Most states that have taken active steps to keep child-only health insurance available have succeeded, but three have not.
Katie Keith, a health policy specialist at Georgetown University, and colleagues have reported that finding in paper on the regulation of the child-only health insurance market that was distributed by the Commonwealth Fund.
A child-only health insurance policy is a policy that covers one or more child without covering the parents or guardians. Uninsured parents who cannot afford family coverage may buy the policies to ensure that children are covered. In other cases, parents who can get only employee-only coverage through their employers might buy child-only policies to cover dependents.
Traditionally, the idea of child-only health insurance has had bipartisan appeal. In 1996, for example, Democrats in Congress asked health insurers to provide child-only plans.
The drafters of the Patient Protection and Affordable Care Act of 2010 (PPACA) tried to improve children’s access to health coverage by including a provision that prohibits insurers from denying or limiting coverage for children under the age of 19.
PPACA did not set limits on the rates health insurers could charge sick children, but insurers argued that requiring them to provide coverage for sick children would create a “free rider” problem, by encouraging parents to wait until children were already seriously ill to pay for coverage.
Many health insurers moved to eliminate or restrict sales of child-only products.
Since then, Keith and colleagues say in their paper, 22 states and the District of Columbia have taken steps to try to protect the child-only health insurance market against PPACA-related disruption.
Nine states tried to handle child-only market disruption by passing laws. Ten states and the District of Columbia adopted regulations, and three states issued bulletins, memoranda or letters, the analysts said.
Today, the analysts say, child-only coverage is still available in 19 of those jurisdictions – Arkansas, California, Colorado, Delaware, Illinois, Iowa, Kentucky, Maryland, Missouri, Montana, New Hampshire, North Carolina, Oklahoma, Oregon, South Dakota, Texas, Utah, Virginia, Washington and the District of Columbia.
The analysts found that child-only coverage appears to be unavailable, or available only on a small scale, Indiana, Nevada and Ohio.

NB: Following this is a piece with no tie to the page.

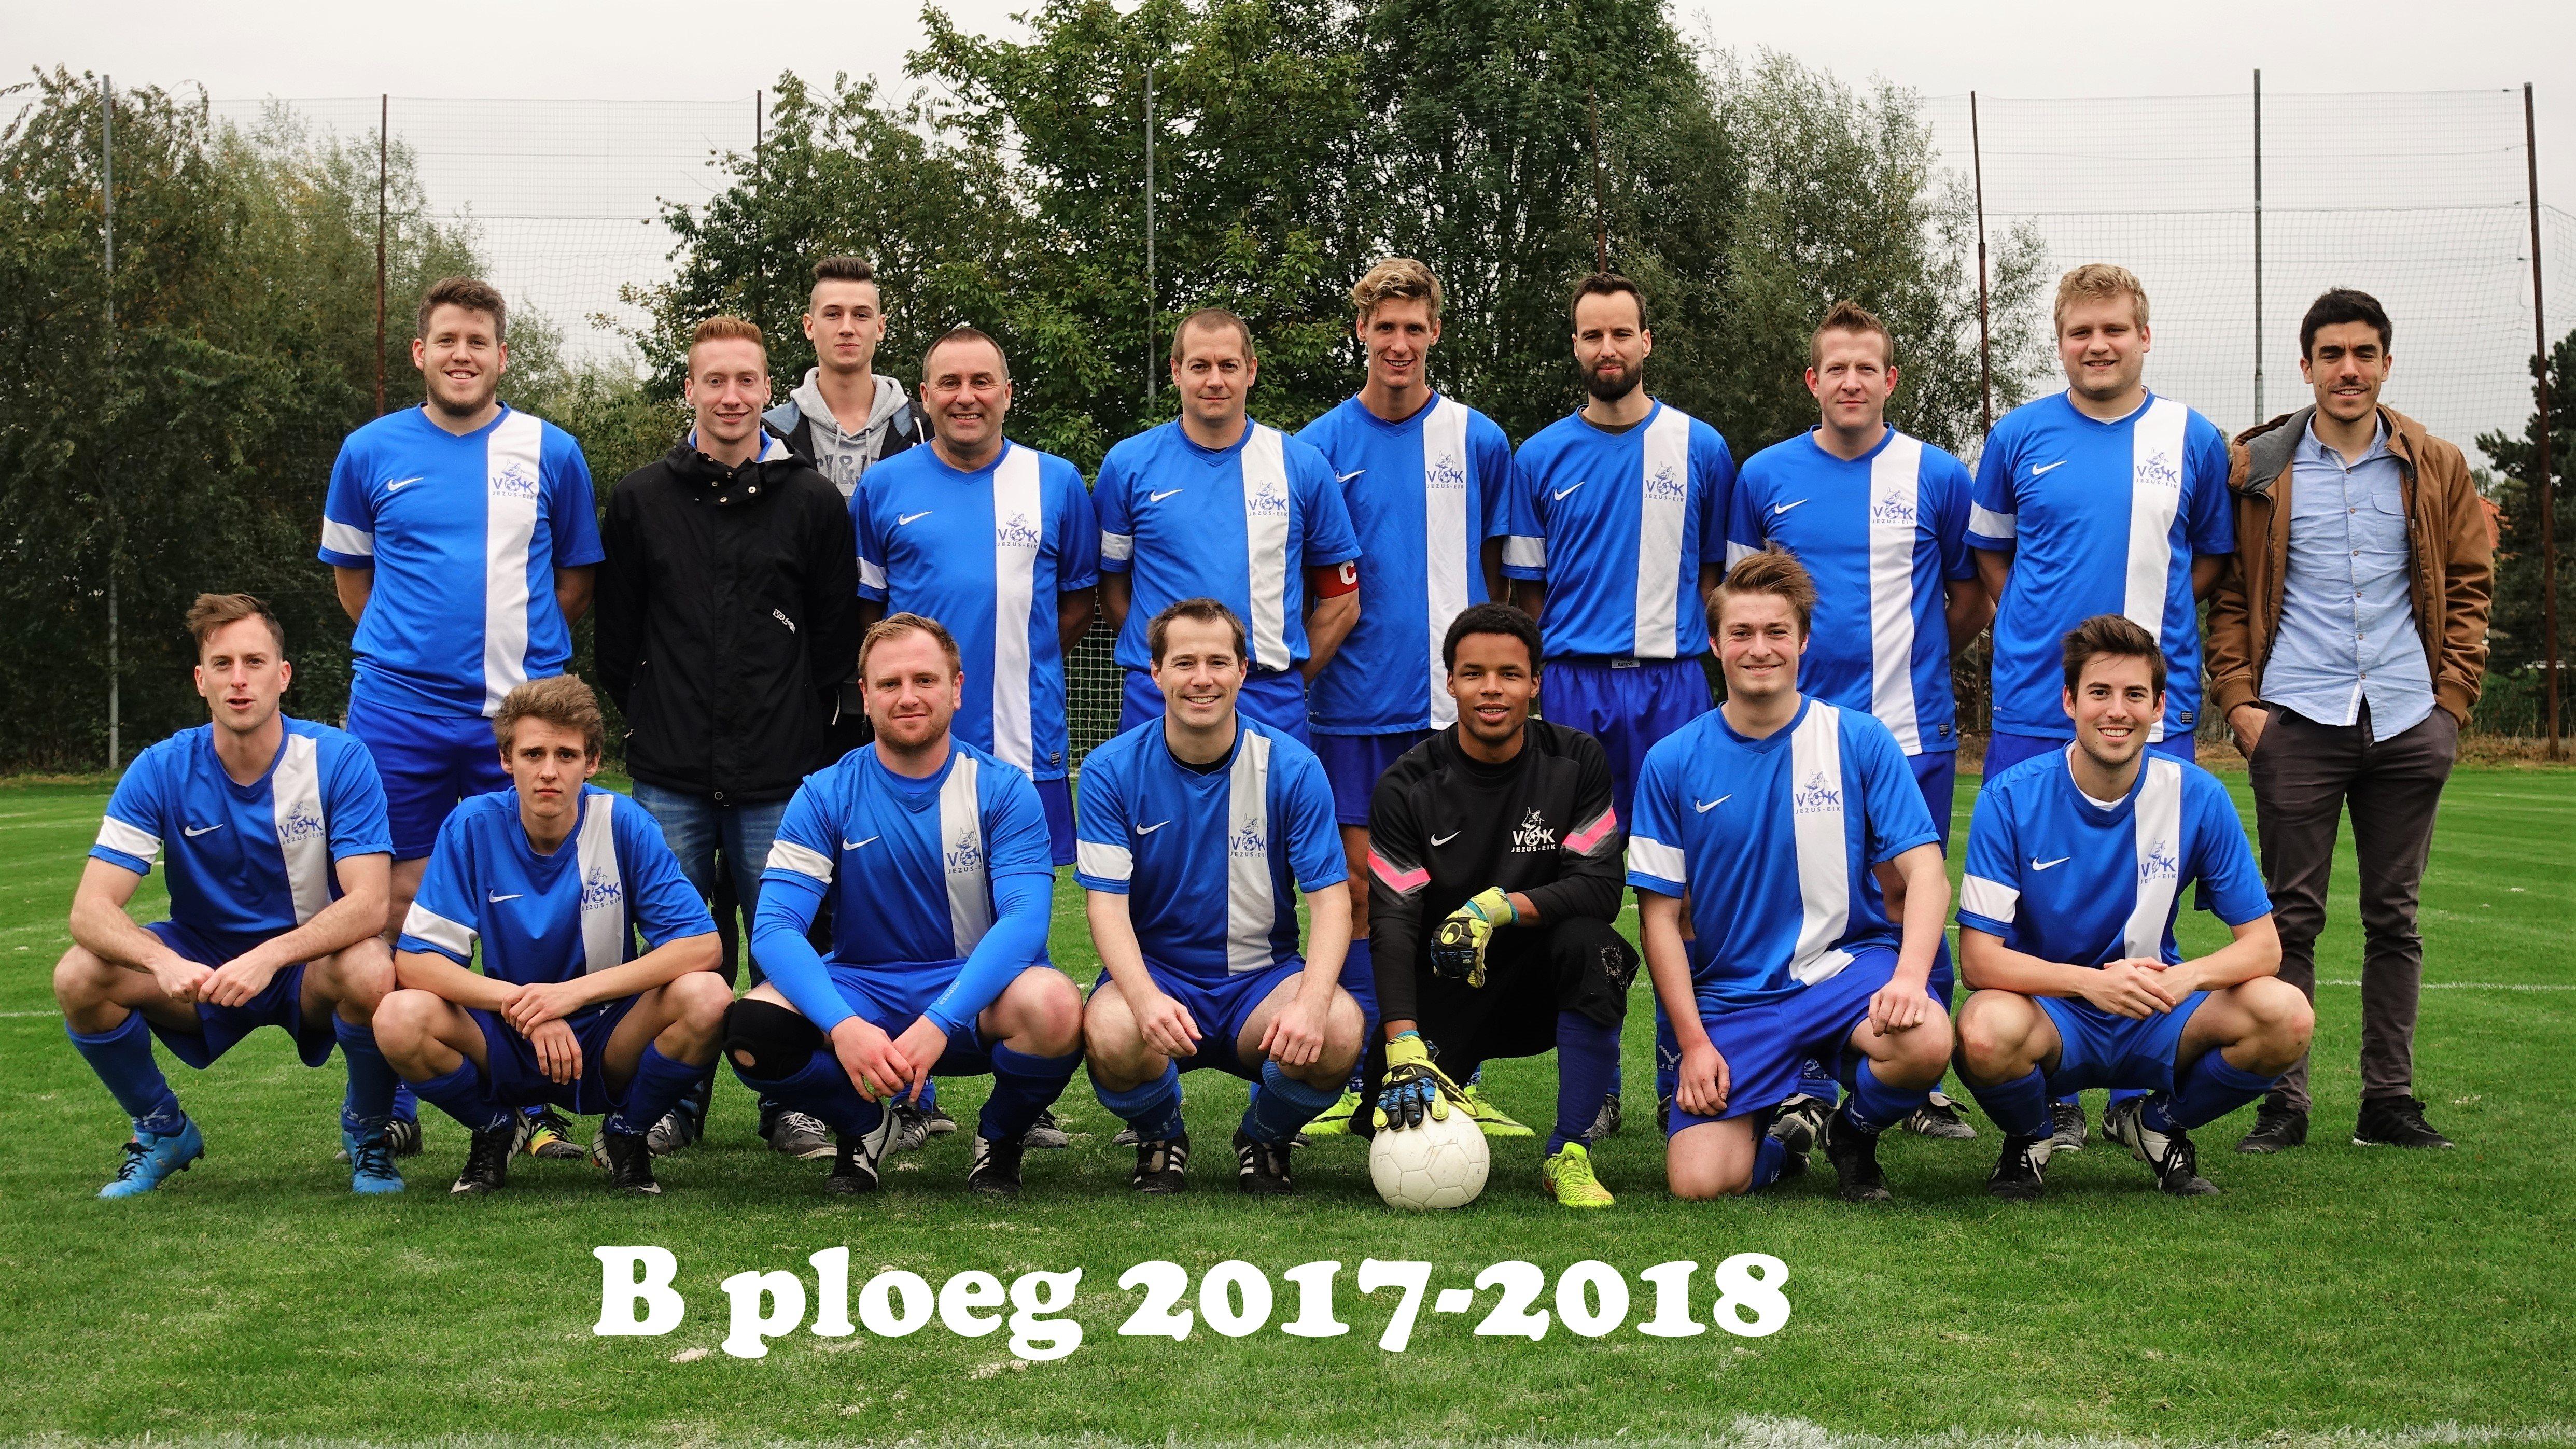 PloegfotoB2

Nine states -- Arkansas, California, Colorado, Iowa, Kentucky, New Hampshire, South Dakota, Utah, and Washington – now require insurers that sell other types of coverage in the state to sell child-only coverage.
Child-only coverage is still available in all of those states.

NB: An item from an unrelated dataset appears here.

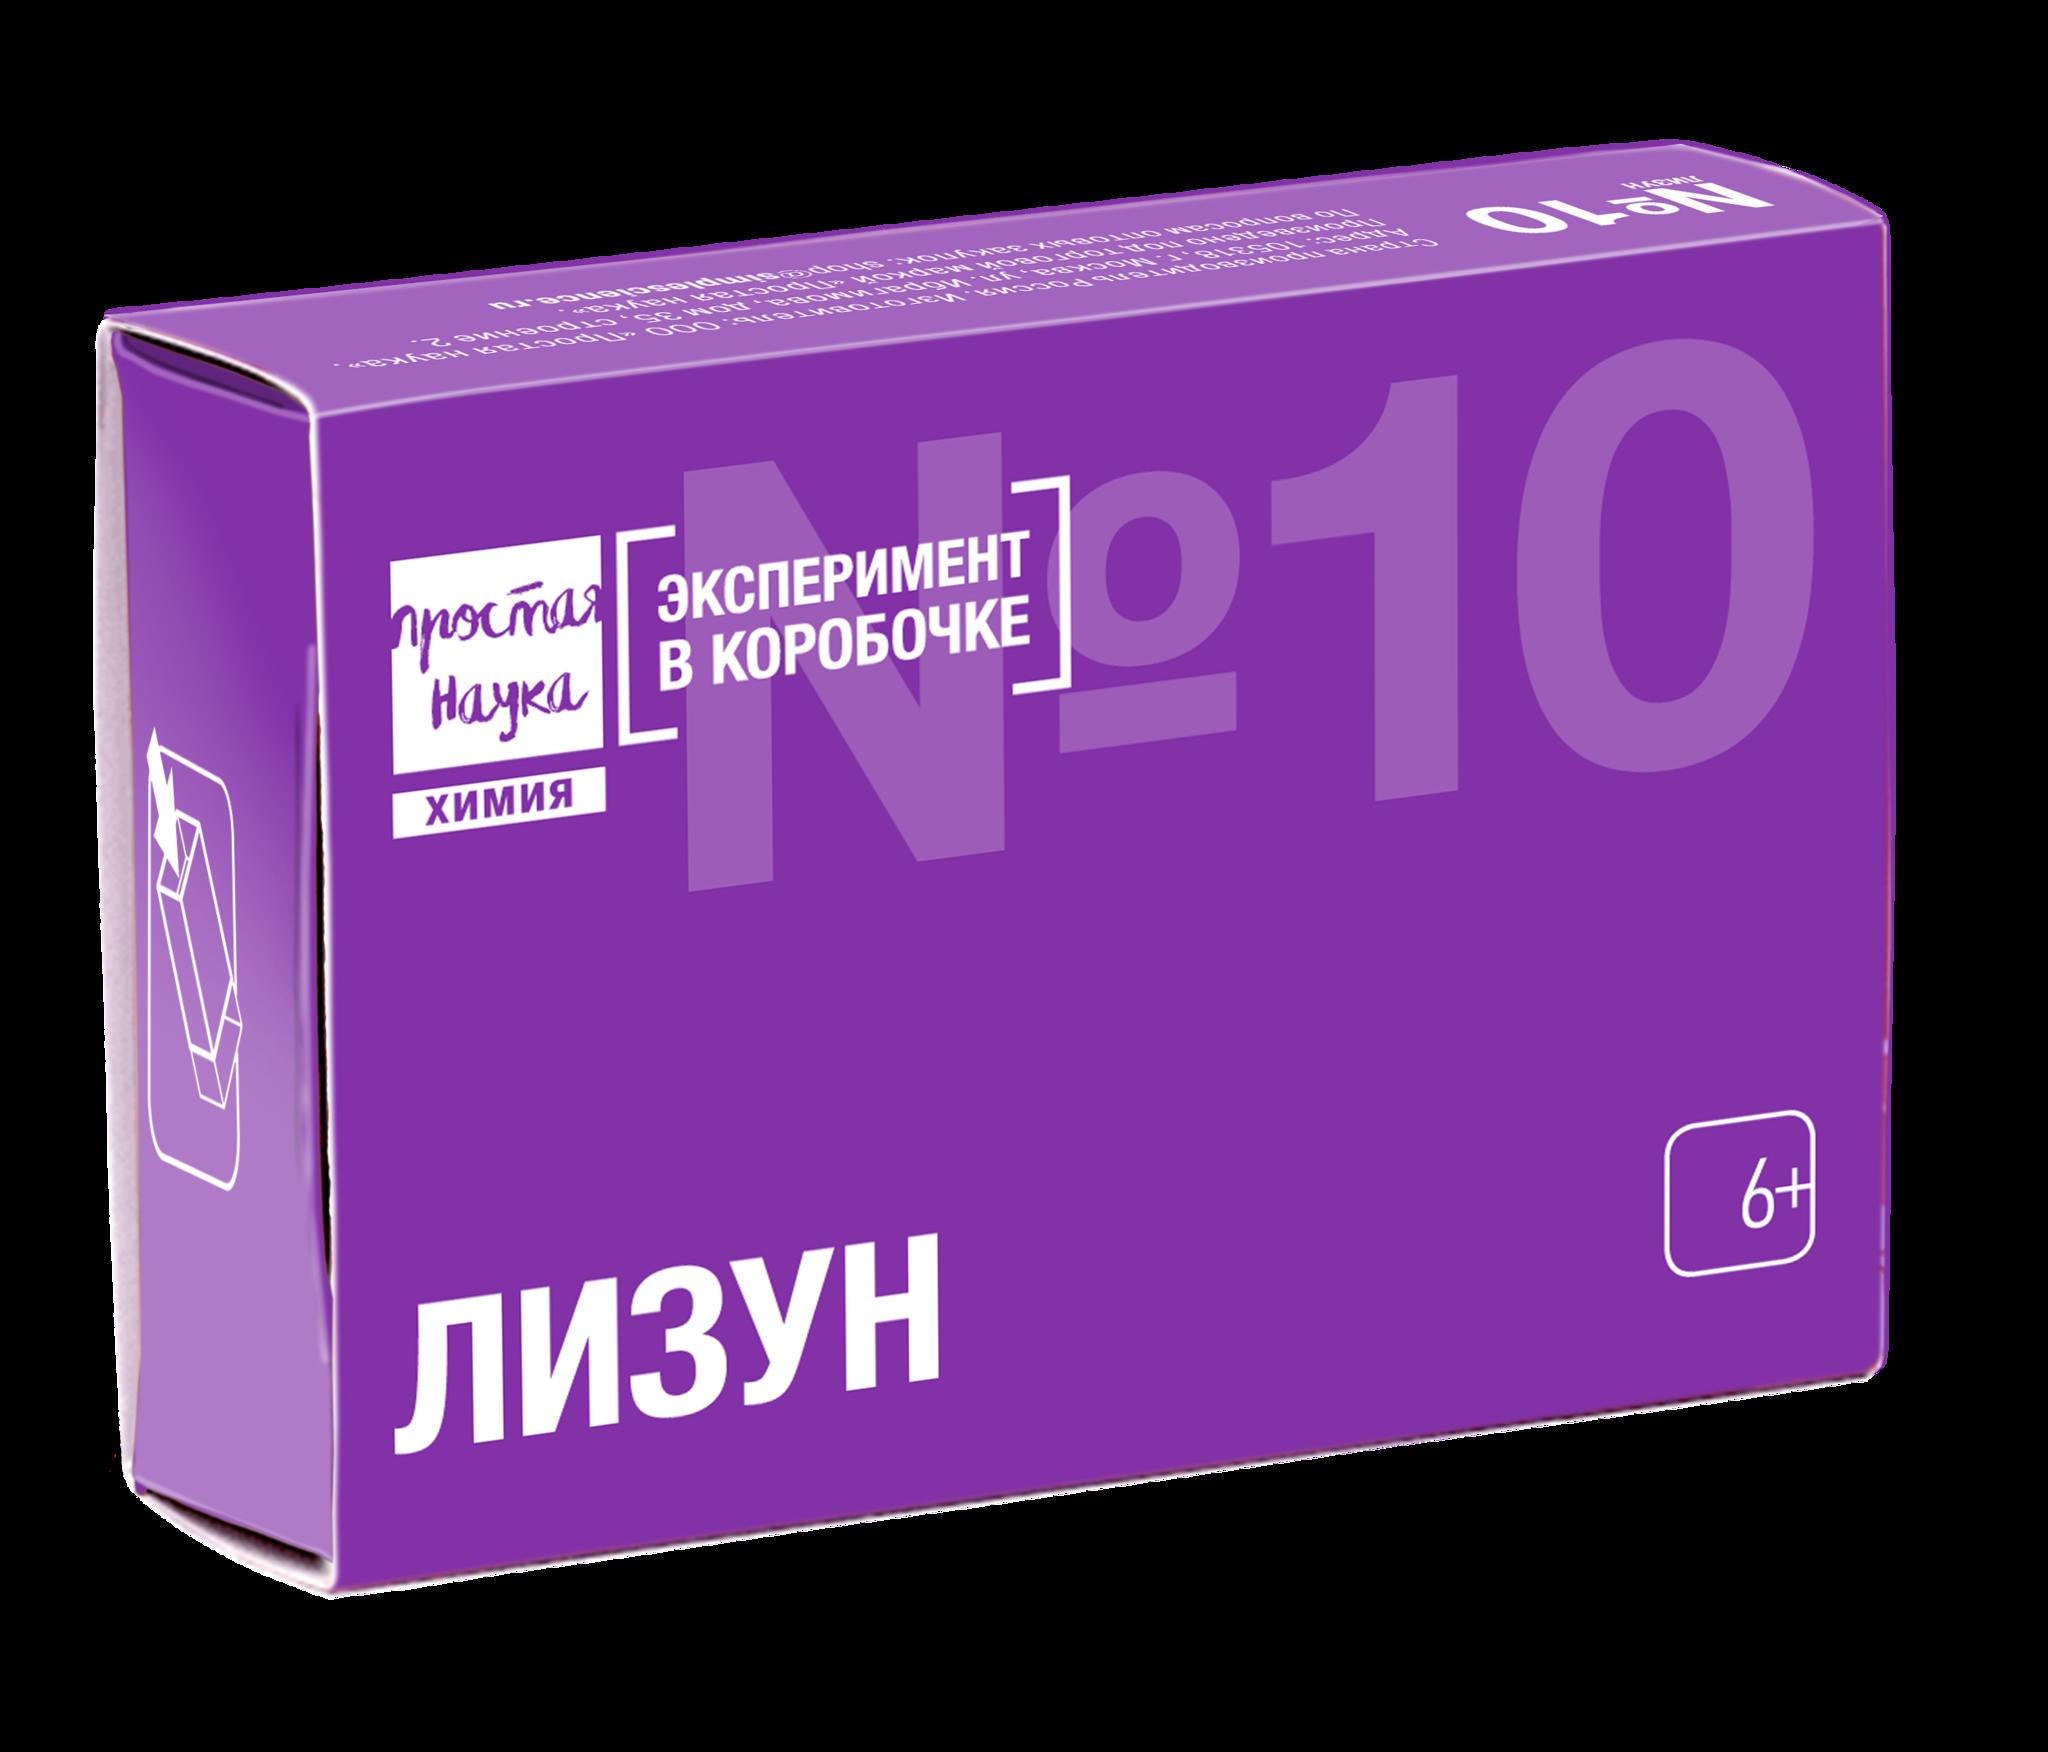 Набор №10 - Лизун - Эксперимент в коробочке - Простая Наука

Two states – New Hampshire and Oregon – have tried to encourage the sale of child-only policies, and those states both provide child-only coverage reinsurance programs.
Both of those states still have active child-only health insurance markets, the analysts said.
Nineteen of the jurisdictions have tried to reduce the free-rider problem by creating “open enrollment” periods.
Open-enrollment periods discourage families from waiting until children are sick to buy coverage by limiting the times when the families can buy family-only coverage.
The analysts found that 12 jurisdictions – Delaware, Illinois, Indiana, Maryland, Mississippi, Nevada, North Carolina, Ohio, Oklahoma, Texas and Virginia – tried to deal with PPACA-related child-only market disruption simply by creating open-enrollment periods, without imposing rules requiring any insurers to offer child-only coverage.
The three states with no active child-only coverage market are all in the group of states that have open-enrollment requirements but no requirements that insurers offer child-only coverage.
Of the nine states that required insurers to offer child-only coverage, five had sufficient legal authority to do so without passing new legislation. These findings suggest that states may be able to use existing legal authority to
One of the lessons of the analysis is that states do seem to have the flexibility to improve their markets, the analysts said.
“The findings also suggest the need for meaningful regulatory incentives to avoid market disruption in successfully implementing broader [PPACA] reforms in 2014,” the analysts said.